On one such night, when the streets of the city were silent and the restaurant burned like a beacon to passing fleets, Art kept a late watch over the bar. He was absentmindedly tapping out an Austrian concerto when a gust of frosty air from the foyer signaled the arrival of a new guest. Progonnaya plopped down beside him, ordered a nip of Riesling, then remarked to no one in particular, “You and I are old … but some fateful work may yet be done, by men like us who strove with gods.”
And for a moment, from the depths of his fathomless misery, Art felt that the deities had not forgotten him and they had spoken to him through the mouth of this fool. So Art struck up a conversation with the bald man and learned that they shared a passion for Puccini and that his new friend liked to write. (His latest book, Progonnaya said, had just come out in Europe.) A few weeks and a few drinks later, Art declared Progonnaya to be a shoo-in for the literary pantheon. The day Progonnaya heard this, he didn’t bother anyone with factoids about the Phaeacians, no; he merely sipped his wine, sat a little taller, and when he thought no one was looking, smiled.
The bartenders disliked Progonnaya, for he took a seat away from their own devoted regulars—like Dancaïre, the smoldering son of a world-famous soprano, or Theonian, who had once been a member of the Twelve Caesars, which guarded the gold reserves.
On the weekends, Theonian brought in a parade of gaunt girls in glittering couture, exotic poppies who wafted a mysterious noir parfume. They smoked long cigarettes and drank cold vodka, their eyes glassy from psychotropics, while Theonian devoured ribeyes and guzzled his expensive wine. It was said that the girls were branded—one of them showed the bartenders once, while Theonian was in the washroom. The beauty had grabbed Fabian by the back of his lustrous hair as soon as her date turned the corner.
Fabian seemed intrigued, and a little alarmed—“Have I met you before?” he purred—and even more so when the girl lifted her shirt and showed off a tattoo of three small, dark wands under her left breast.

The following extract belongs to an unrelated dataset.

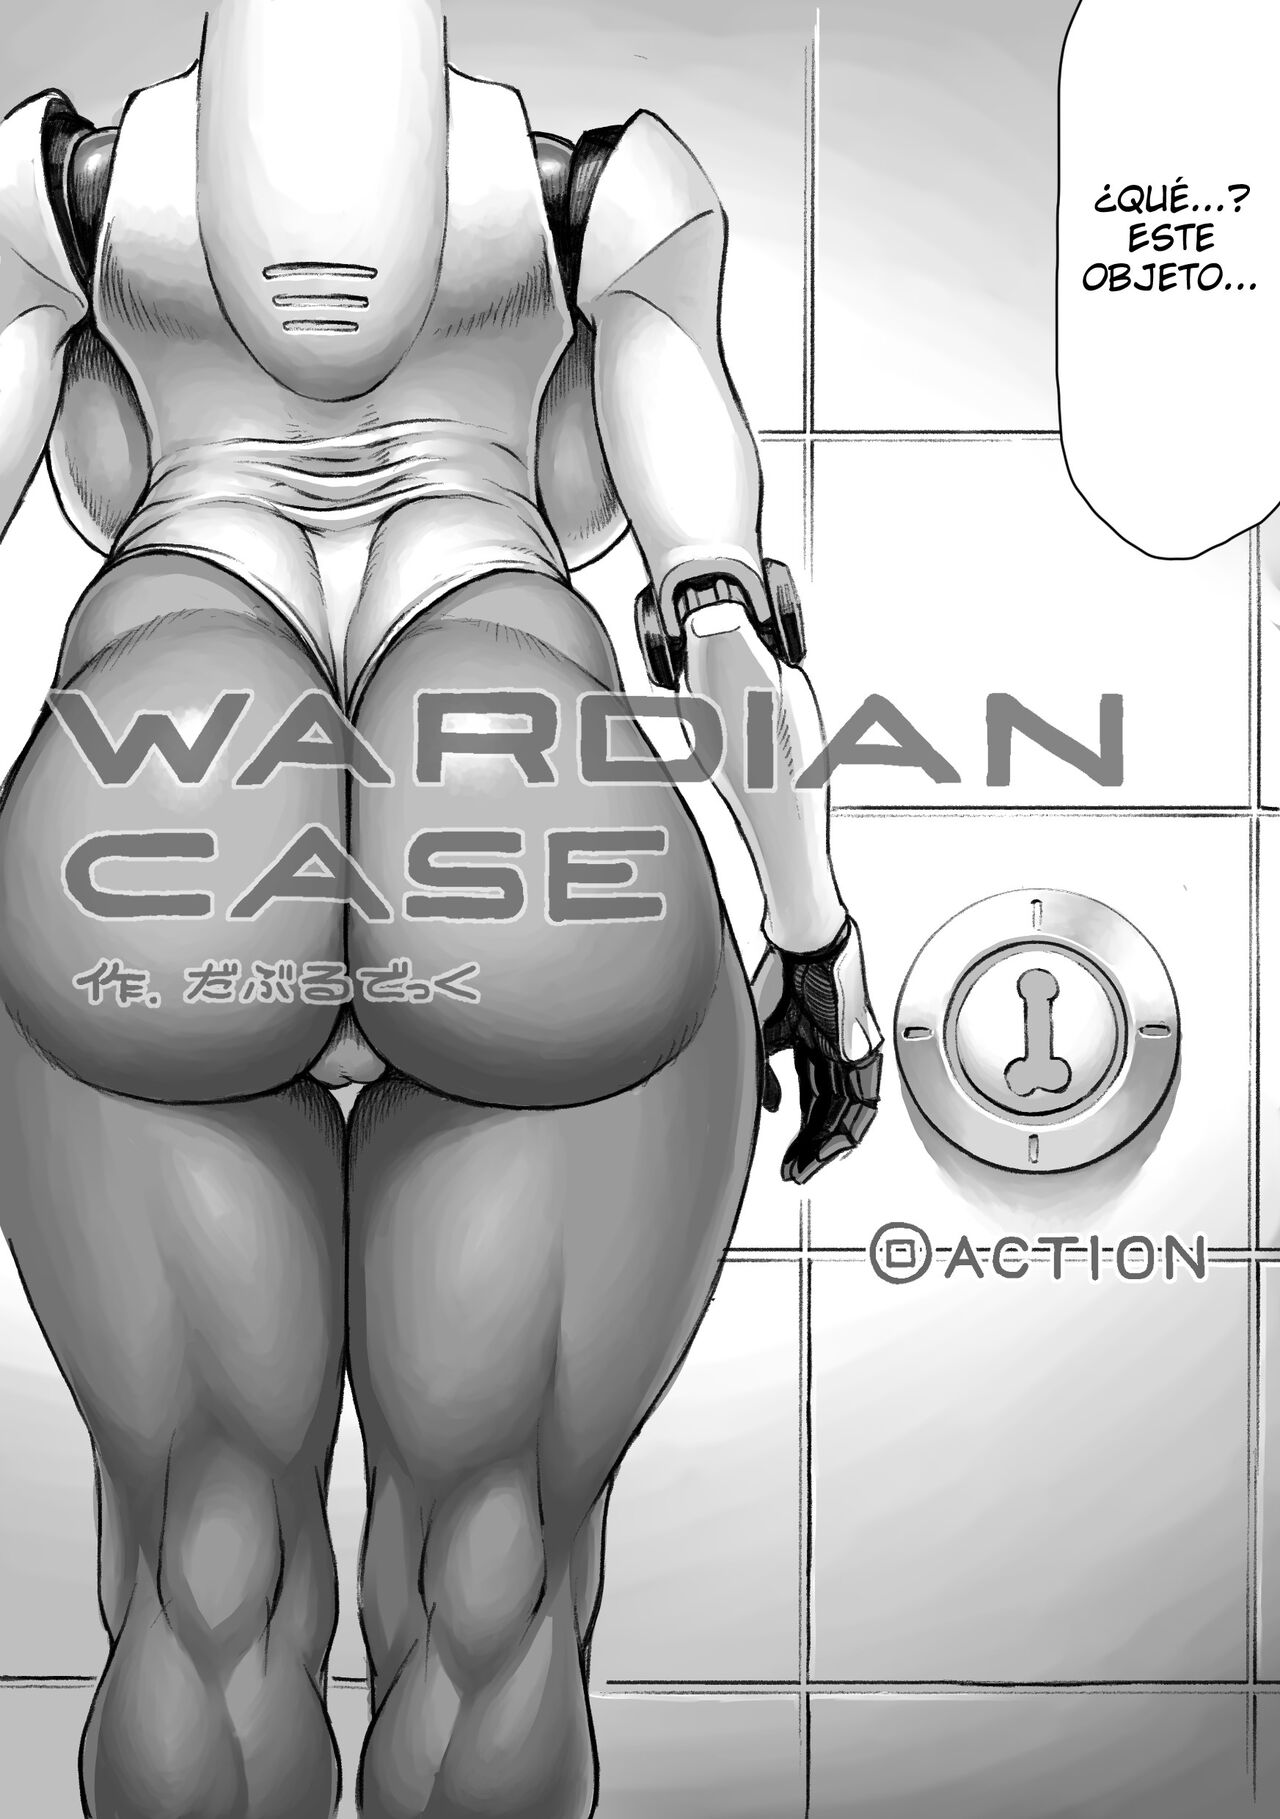 WARDIAN case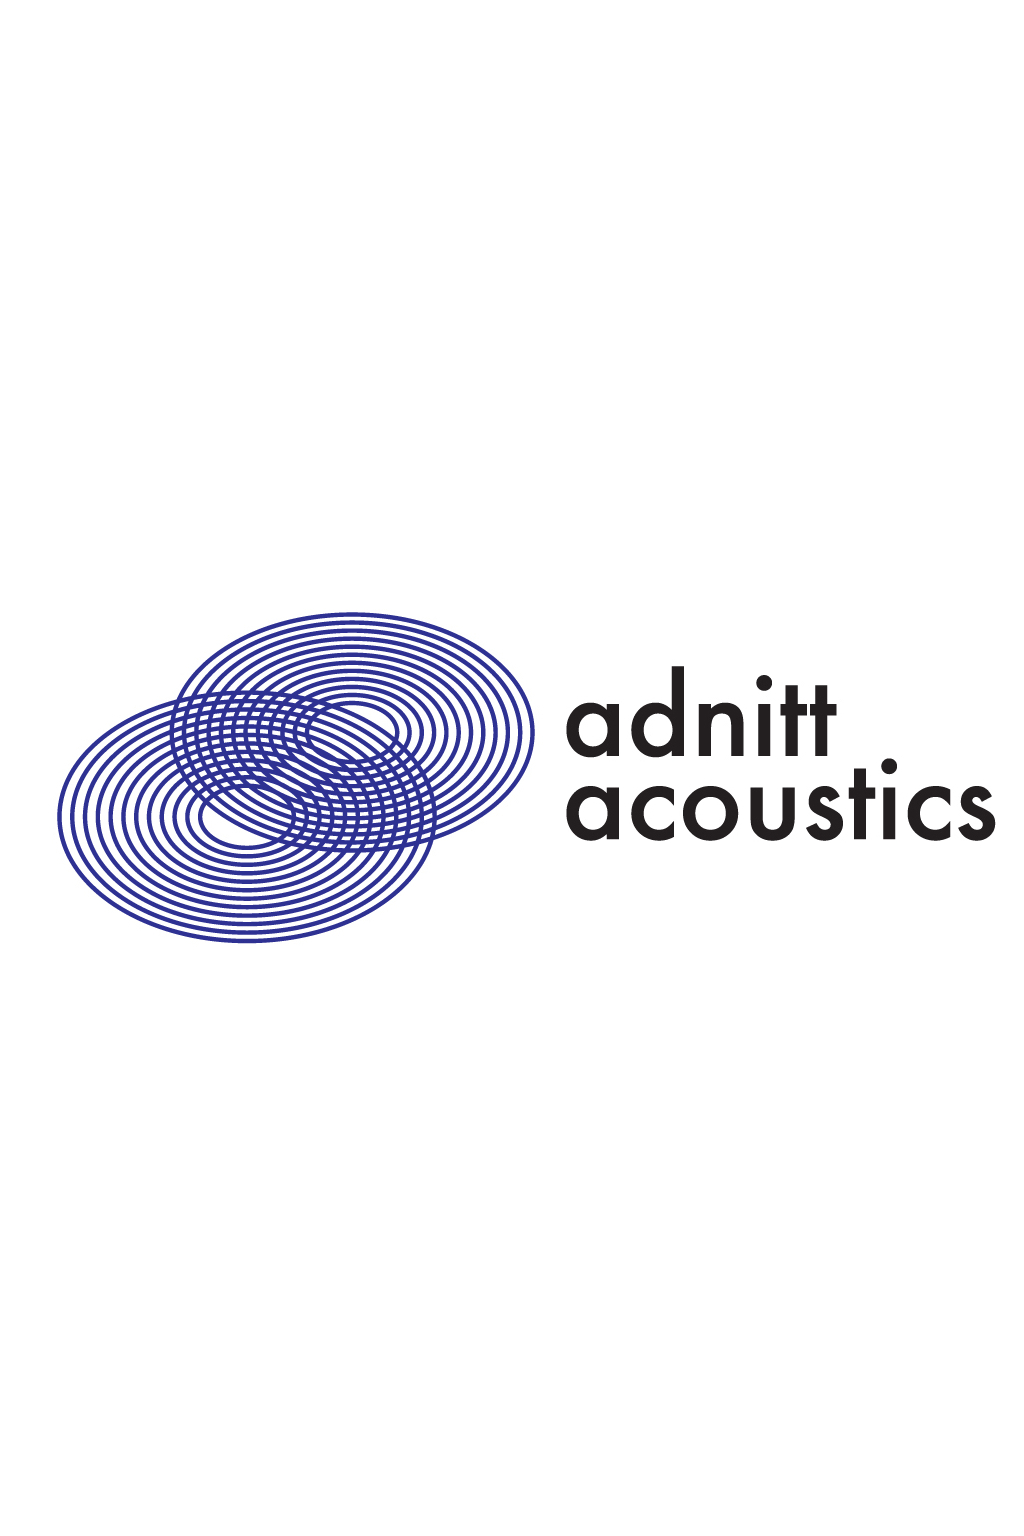 Adnitt Acoustics UK

Moments later, Theonian reappeared by her side and the girl slouched back into her glassy trance.
Theonian laughed with the bartenders about his groggy date, but later, the busboys saw him in the foyer, gripping the girl by the wrist and growling something about her traitorous eyes.

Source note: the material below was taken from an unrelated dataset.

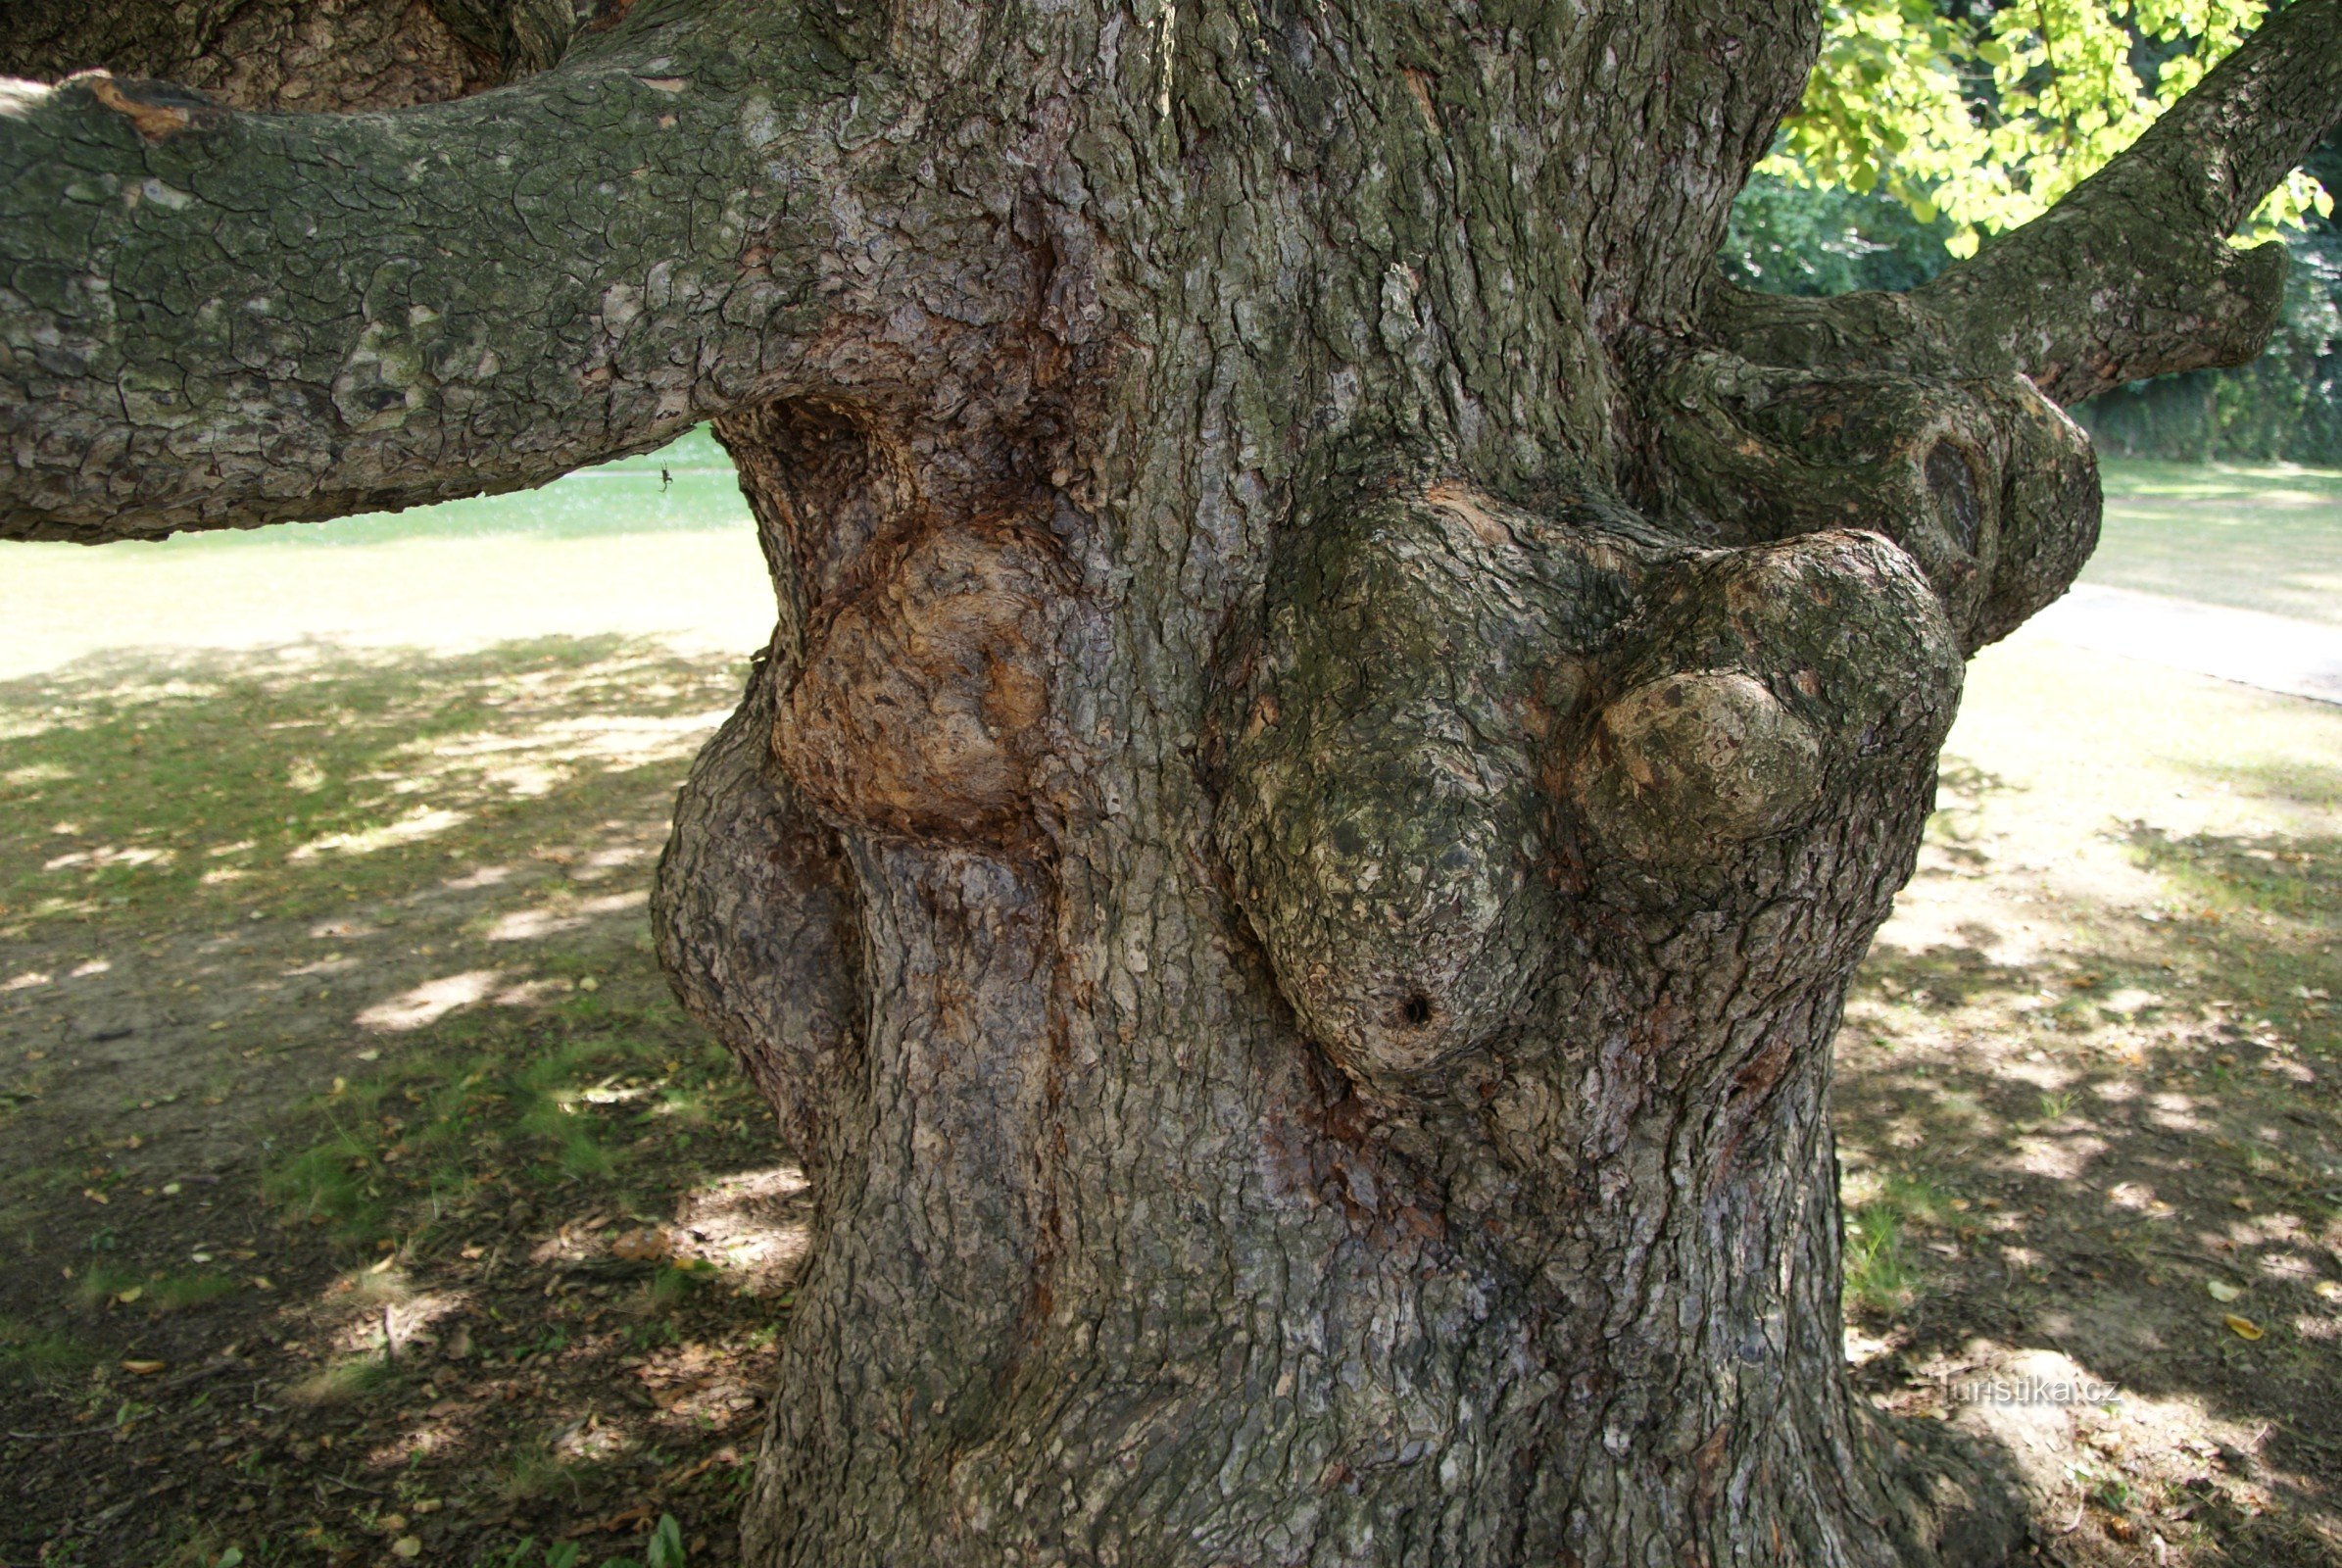 Boskovice - cây cổ tích trong vườn lâu đài (cây phỉ Thổ Nhĩ Kỳ)

The bartenders never said anything about the incident to the managers, but Myrte, who read tarot, thought she recognized the symbol on the girl’s skin. She called it the ‘Mark of the Lightening-Black Tower’ and one evening, she brought in a large book to explain its significance. The bartenders thumbed through the different chapters until they arrived at ‘La Tour Abolie/La Maison-Dieu’: “The arcane XVI card of the tarot, the lightening-black tower, it signifies the destruction of Babel, or pride that runneth over before a fall.” A footnote mentioned some sort of doomsday cult that sacrificed bulls in the moonlit domes at midnight, throwing them into a sea boiling with blood.
And it was then that the bartenders knew they approached dangerous shores, and they marveled at how little they knew about the regulars who gathered at their bar, or what strange divinities they worshipped, and how mysterious their starlit lives must be even to themselves.